Guidelines for success
Meanwhile, a second tier of work groups, also a mixture of staff, nurses, and physicians, are examining critical issues surrounding physical planning. "Each work group will develop guiding principles that will form the basis for design," DesRuisseaux says.
Although the principles are still in the formulation stage, DesRuisseaux was able to discuss the following design parameters each group is facing:
1. Ambulatory interface.
With the rapid rise in outpatient surgery, this group must not only look at the flexibility of the design of the center but also how it will connect to the main hospital, both physically and organizationally. The team will also look at how staff and operations will need to be consolidated or relocated.
2. Clinical design.
This team is studying a variety of ways around which to develop clinical services. "Will services be centralized? Decentralized? A combination?’ This team has to decide," she says.

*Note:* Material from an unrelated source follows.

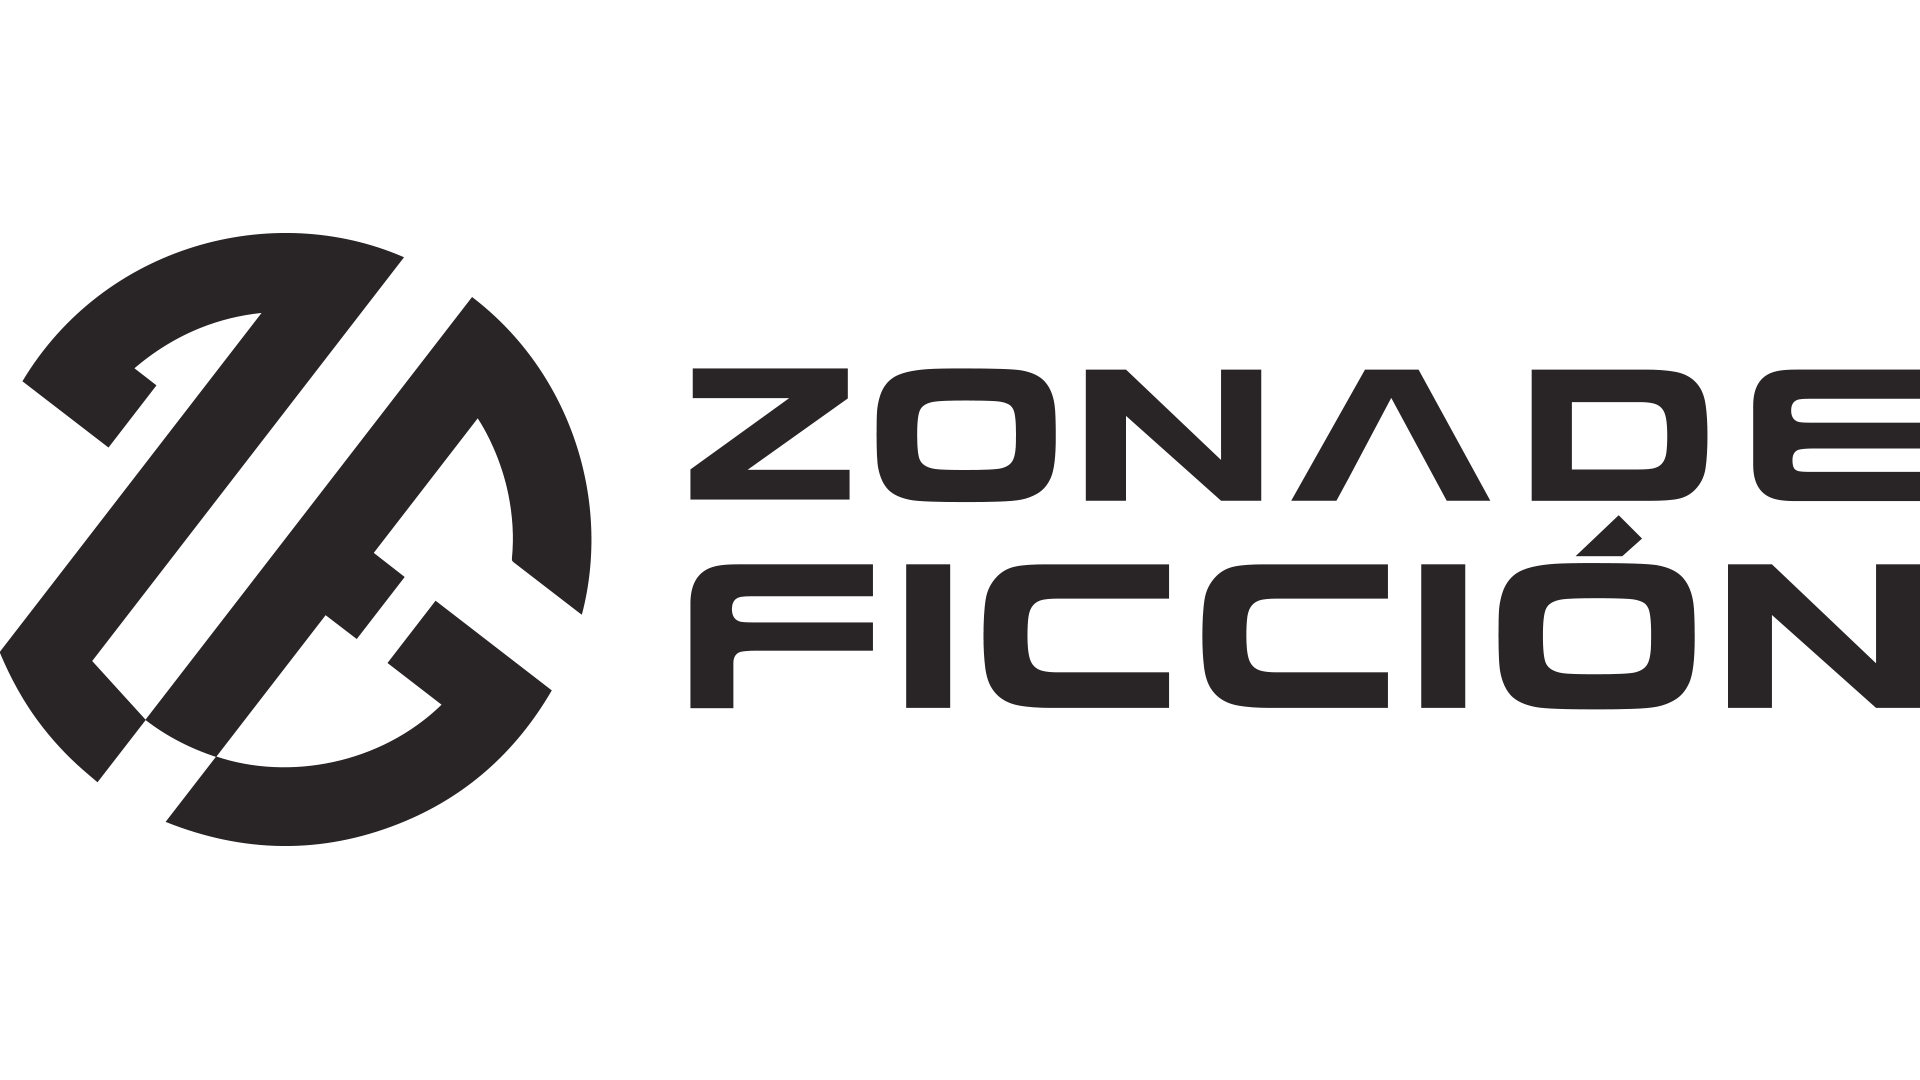 logo zona de ficcion zdf

3. Modularity and standards.
With the trend toward higher acuity patients, the hospital of the future must be able to convert to ICU or trauma beds quickly, explains Michelle Karpf, MD, vice provost for the hospital system. So this team will create standardized specifications for room layout in ICU, acute, subacute, rehab, and operating rooms. It also will examine design of procedure, conference, and exam rooms.
4. Technology and systems.
With technology quickly outpacing the spaces in which it is installed, this team must plan for a facility that is wired for a future that will include electronic records, robotics, telemedicine, and bedside registration. "One parameter already recommended is interstitial floors above areas like the ICU so that computers and cables can be housed in their own climate controlled area," says DesRuisseaux. This mini-floor will eliminate climbing into the ceiling to add or repair technology, she points out.
5. Design committee.
In a heavily congested area of downtown Los Angeles, this team will examine parking accessibility as well as the flow of people inside and around the campus. It will consider underground parking, tunnels and bridges, landscaping public spaces, and exterior design of entrances, in addition to corridors designed to help patients and family find their way around.

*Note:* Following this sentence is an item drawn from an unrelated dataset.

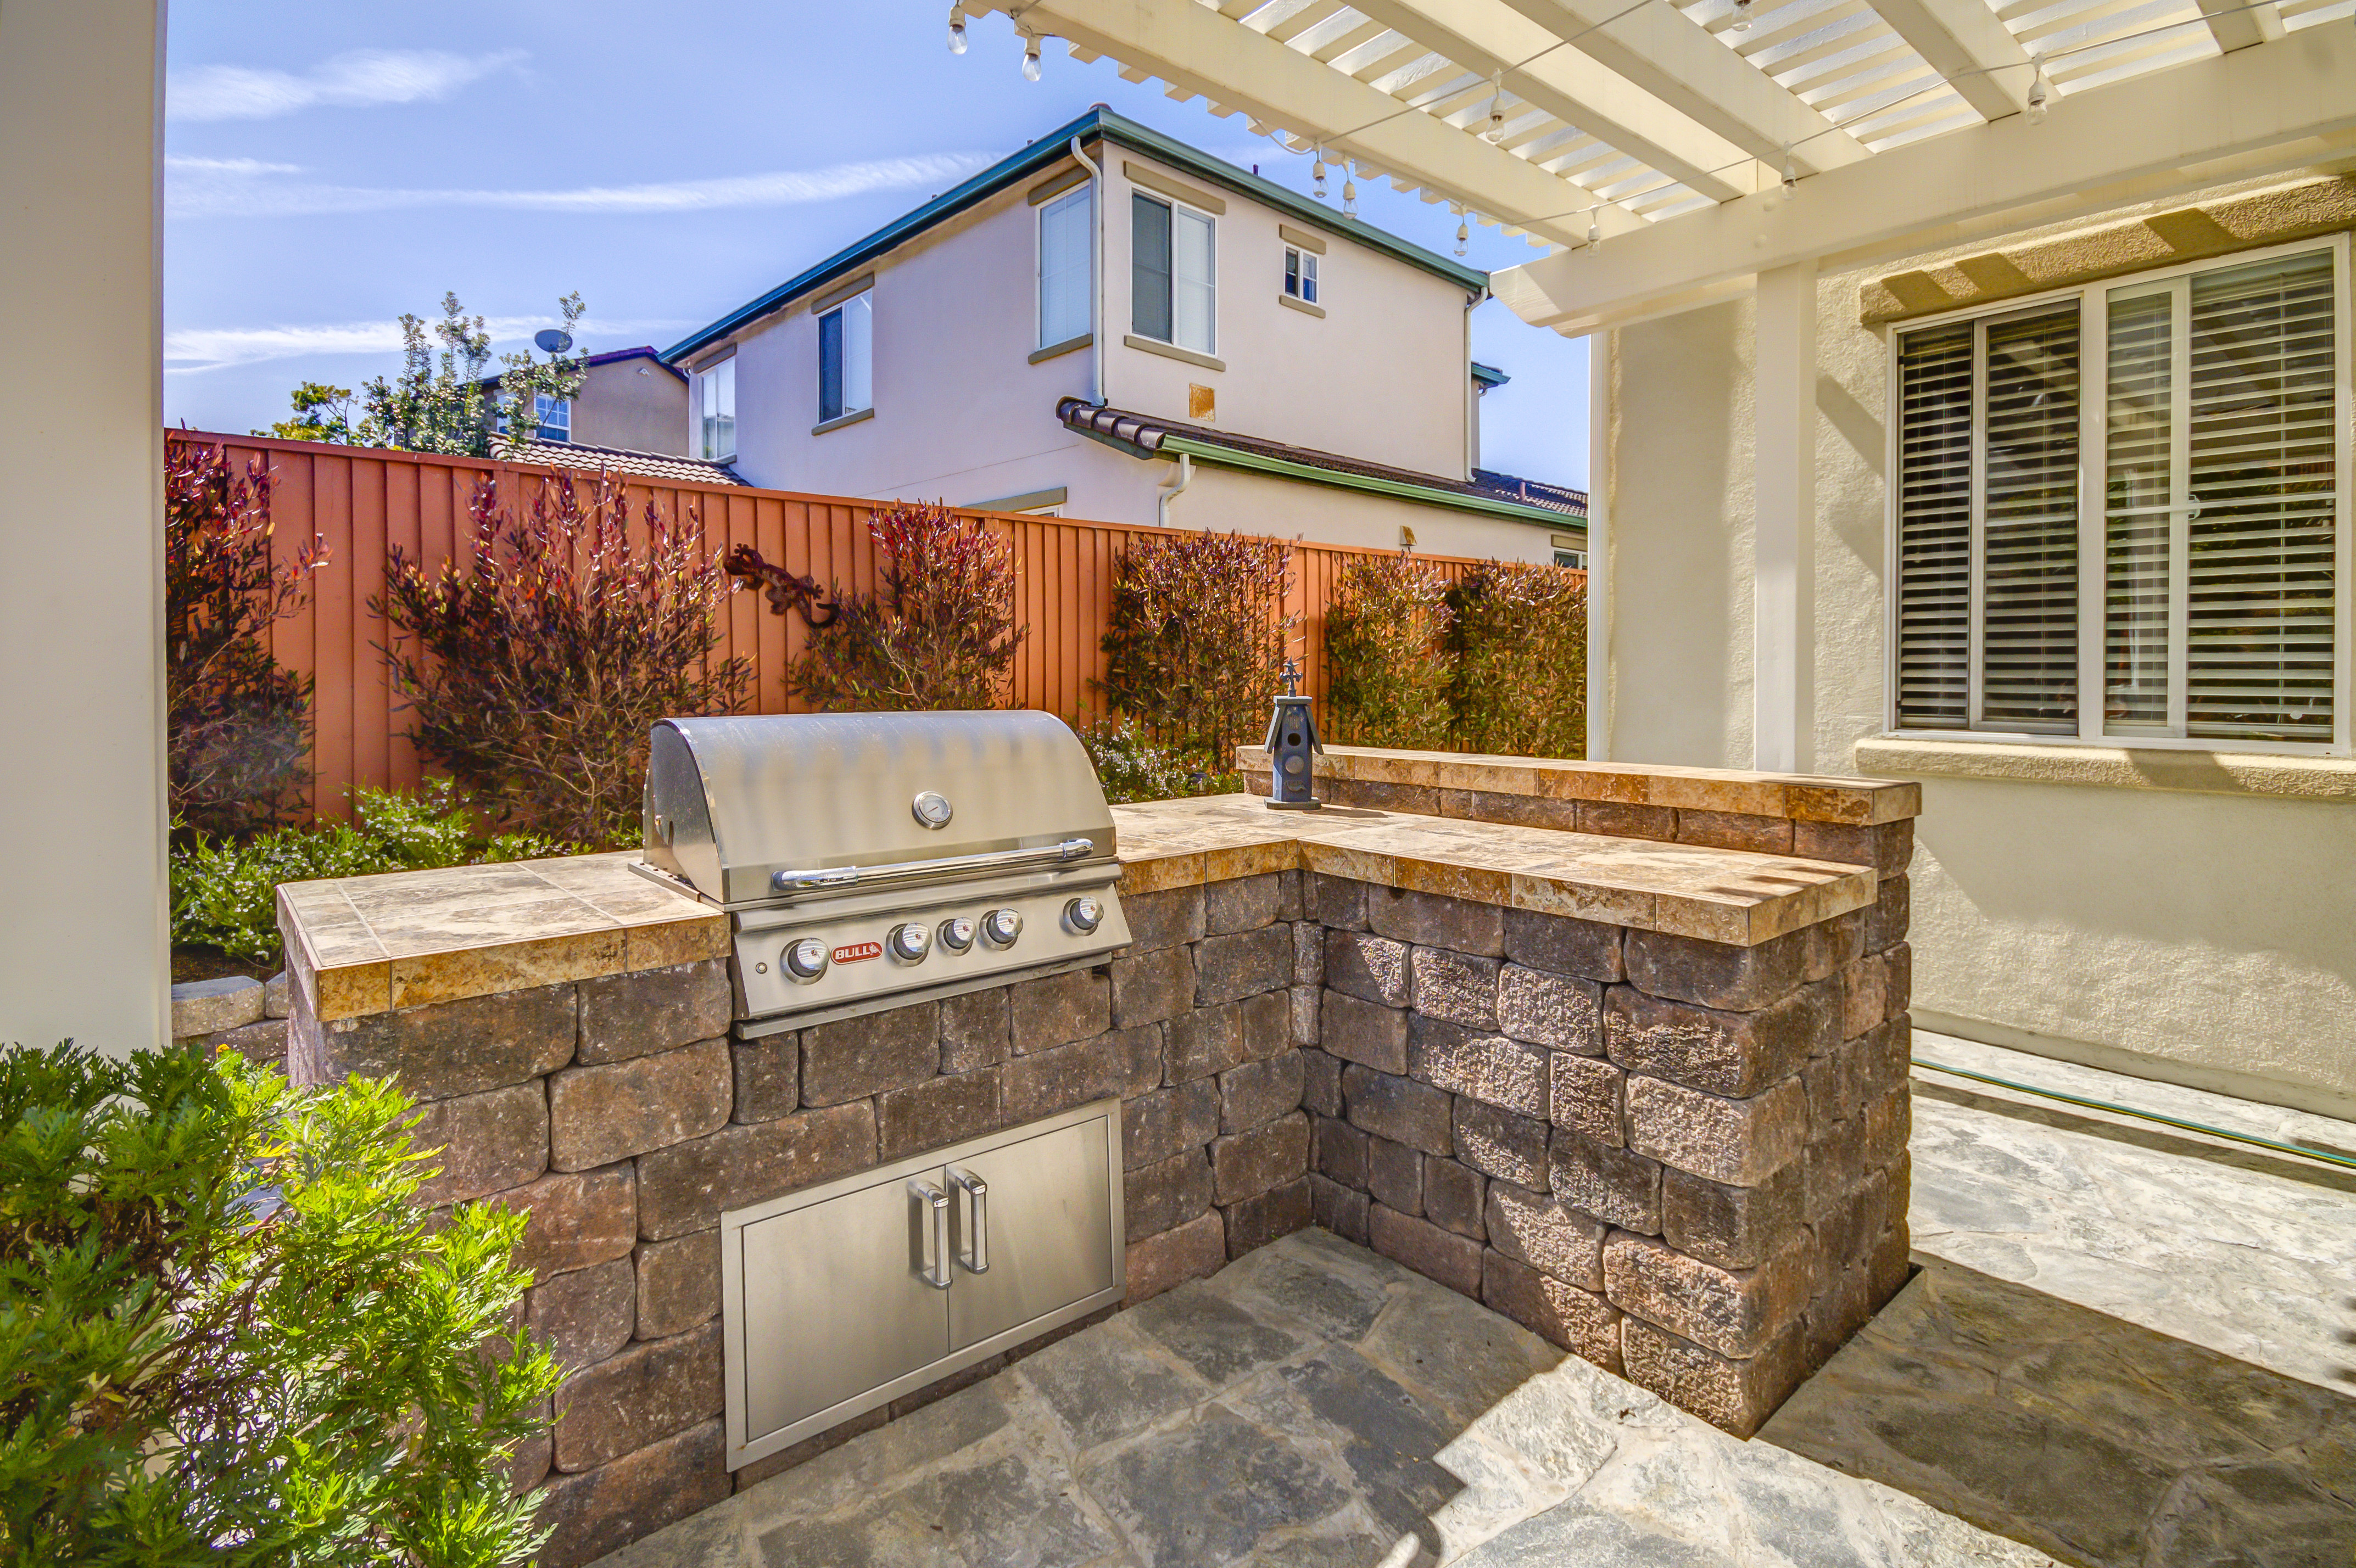 Spacious,Home ideal location/Monterey Peninsula/VRBO #677997 ...

"We expect to have five separate pavilions that let in as much light as possible, rather than long dark winding corridors," Jensen explains. Between each pavilion will be a garden area.
6. Support services.
This team will decide what services need to be in a hospital and what can be relocated to less costly off-campus sites. Karpf says the team is considering storage and supplies, laundry, dietary, laboratories for routine tests, and some aspects of pharmaceutical preparations.
7. Teaching interface.
This team will make sure the connection between academics, research, and practice is enhanced by the new campus by taking a close look at classrooms, consulting rooms, and technology needs.

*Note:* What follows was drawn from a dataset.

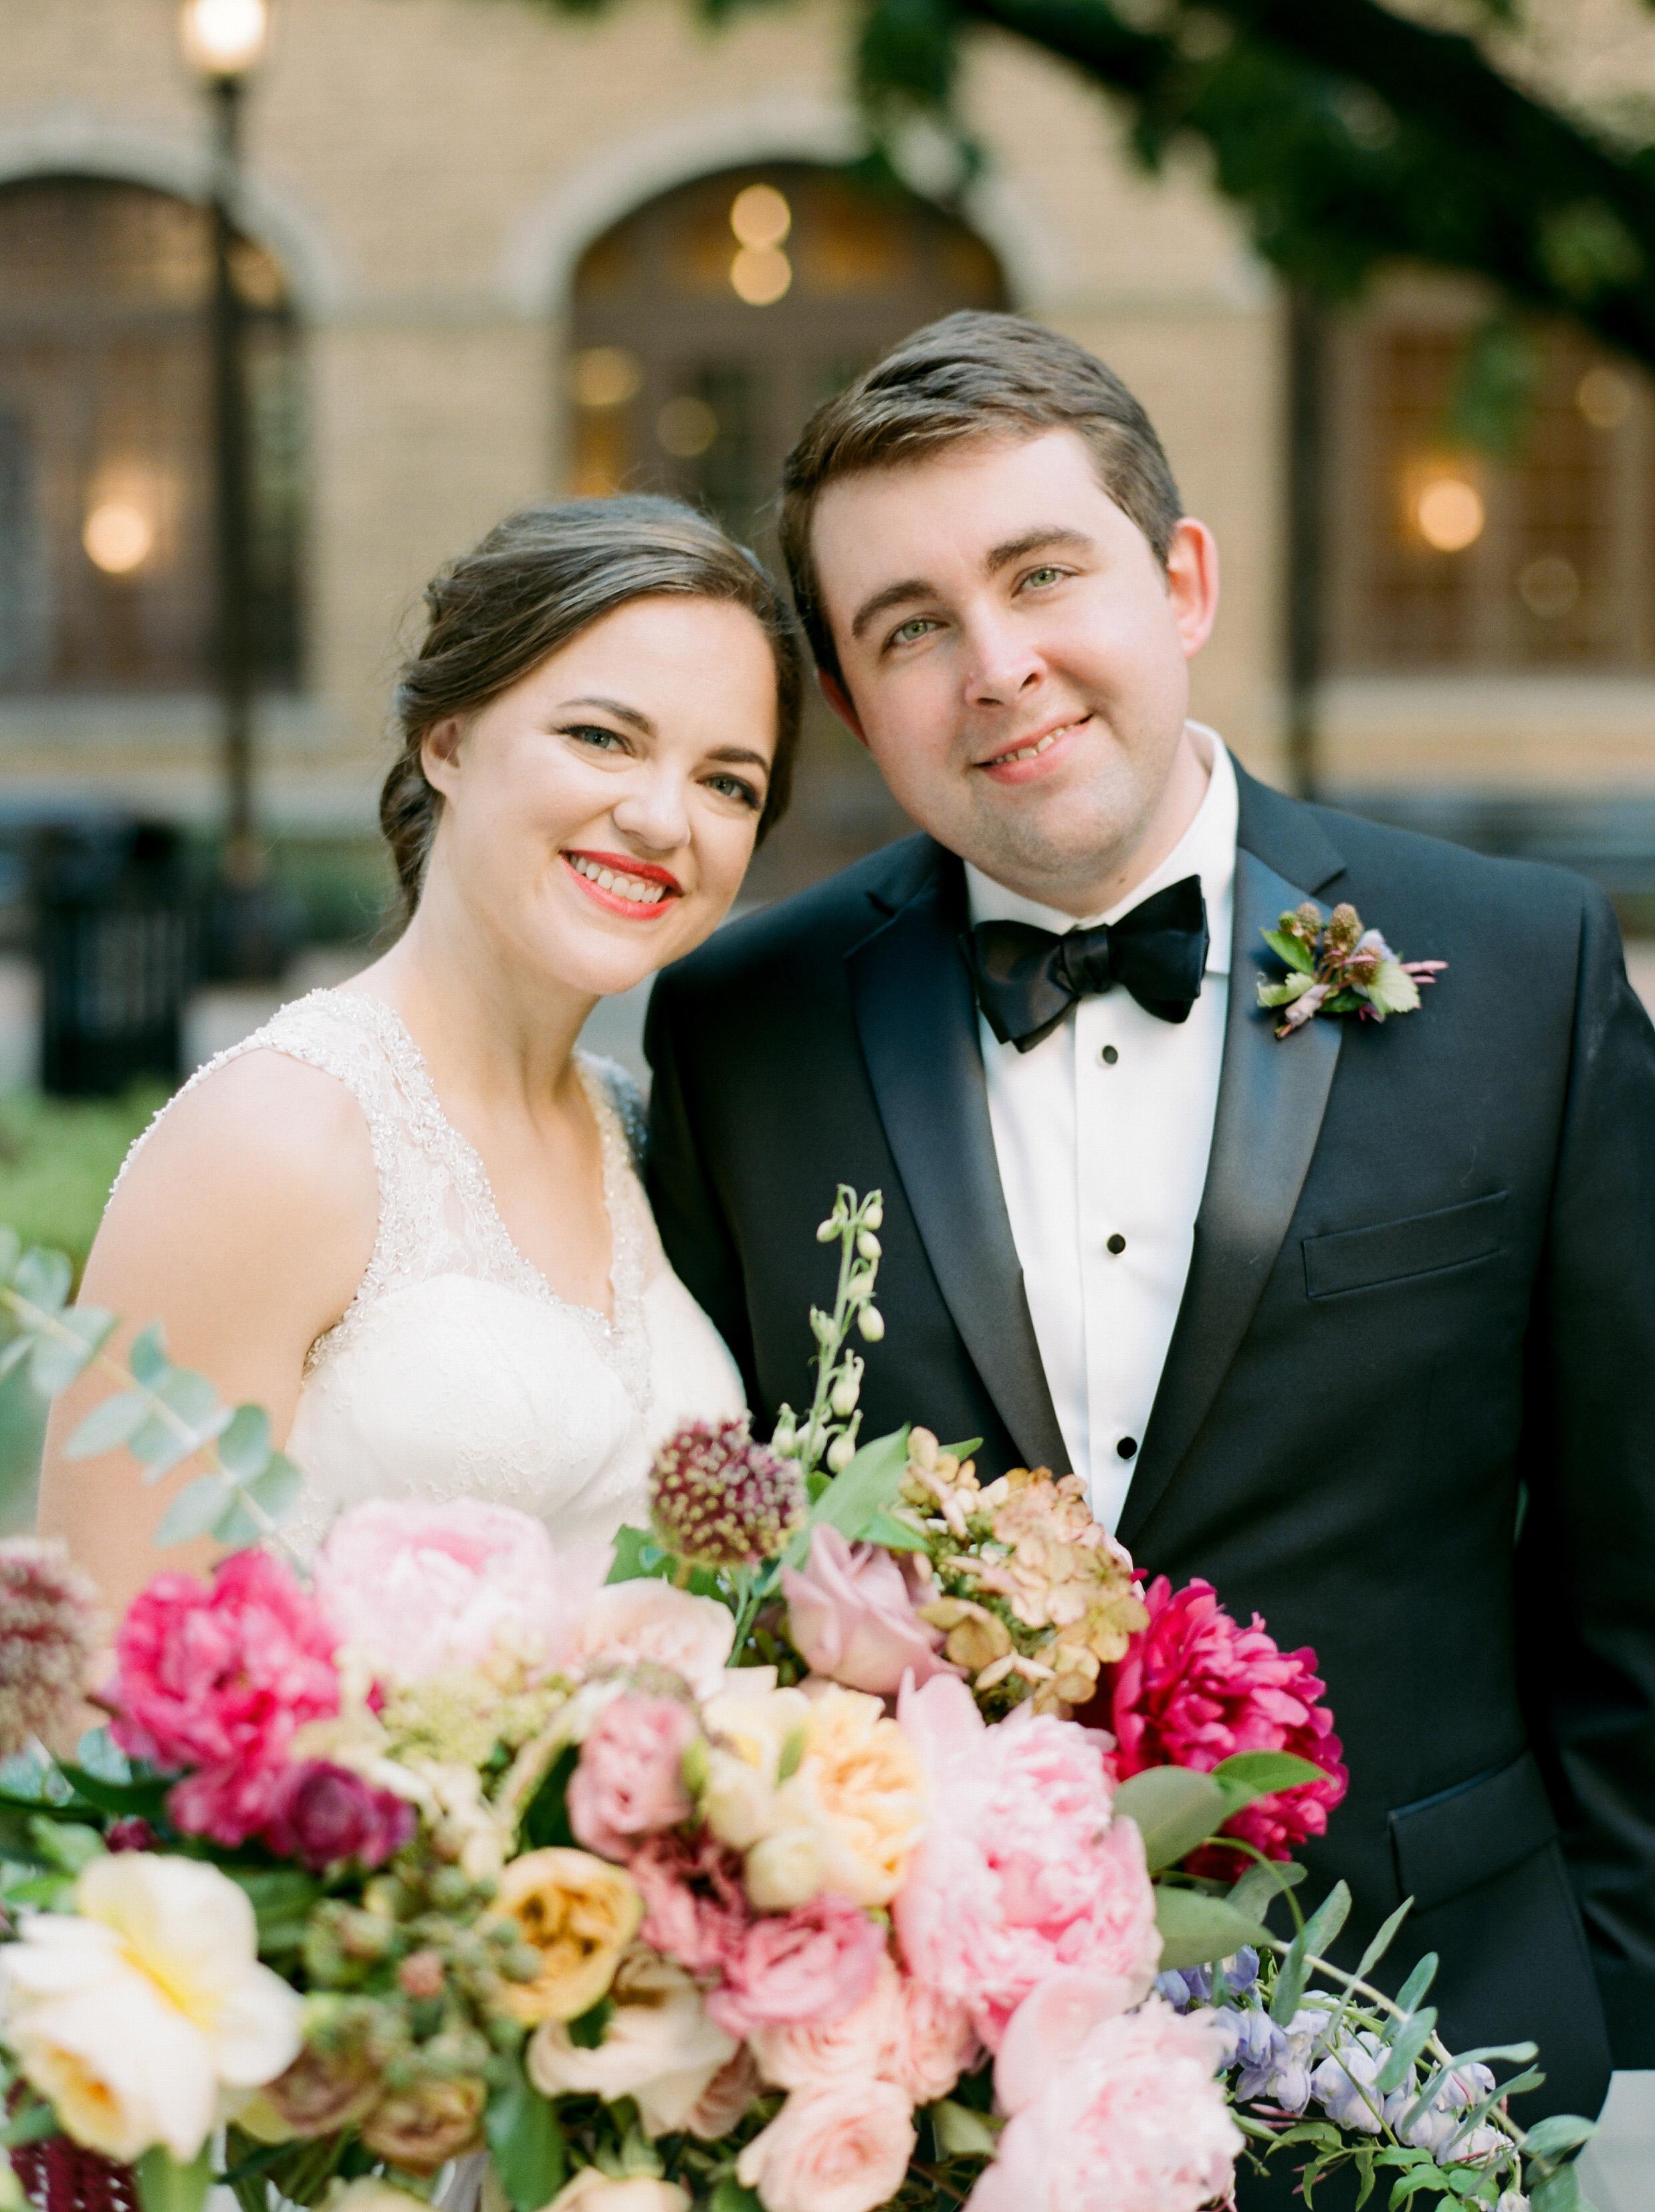 The-Knot-Texas-Fine-Art-Wedding-Film-Destination-Photographer-Houston-Austin-Dallas-New-Orleans-Julia-Ideson-Library-Event-Dana-Josh-Fernandez-Photograph-Top-Best-45.jpg

"Medical education in the future will be characterized by increased use of small groups of six to 10 people," says Karpf. "Interactive and independent study will become more significant as information technology and distance learning techniques are enhanced."
What do patients really want?
After gathering the theoretical information from the committees, Jensen will put the principles to the ultimate test by conducting a series of focus groups for the following categories:
• regular adult patients;
• families of adult patients;
• pediatric patients and families;
• psychiatric patients and families;
• staff;
• physicians.
"Each group has its special needs, so we want to question them closely about what they’d like to see in the physical design," Jensen says.
Jensen believes she can already reassure patients about the most common complaint noted on past satisfaction studies: roommates.
"Patients don’t like having roommates," Jensen says. "They complain about snoring, visitors, etc. But in the new design, we will have only single rooms with a window seat that folds out as a bed."
Each floor will also have a small kitchen and lounge area where families can cook for themselves or their loved ones.
"Sometimes having home cooked food is just what a patient needs," she says.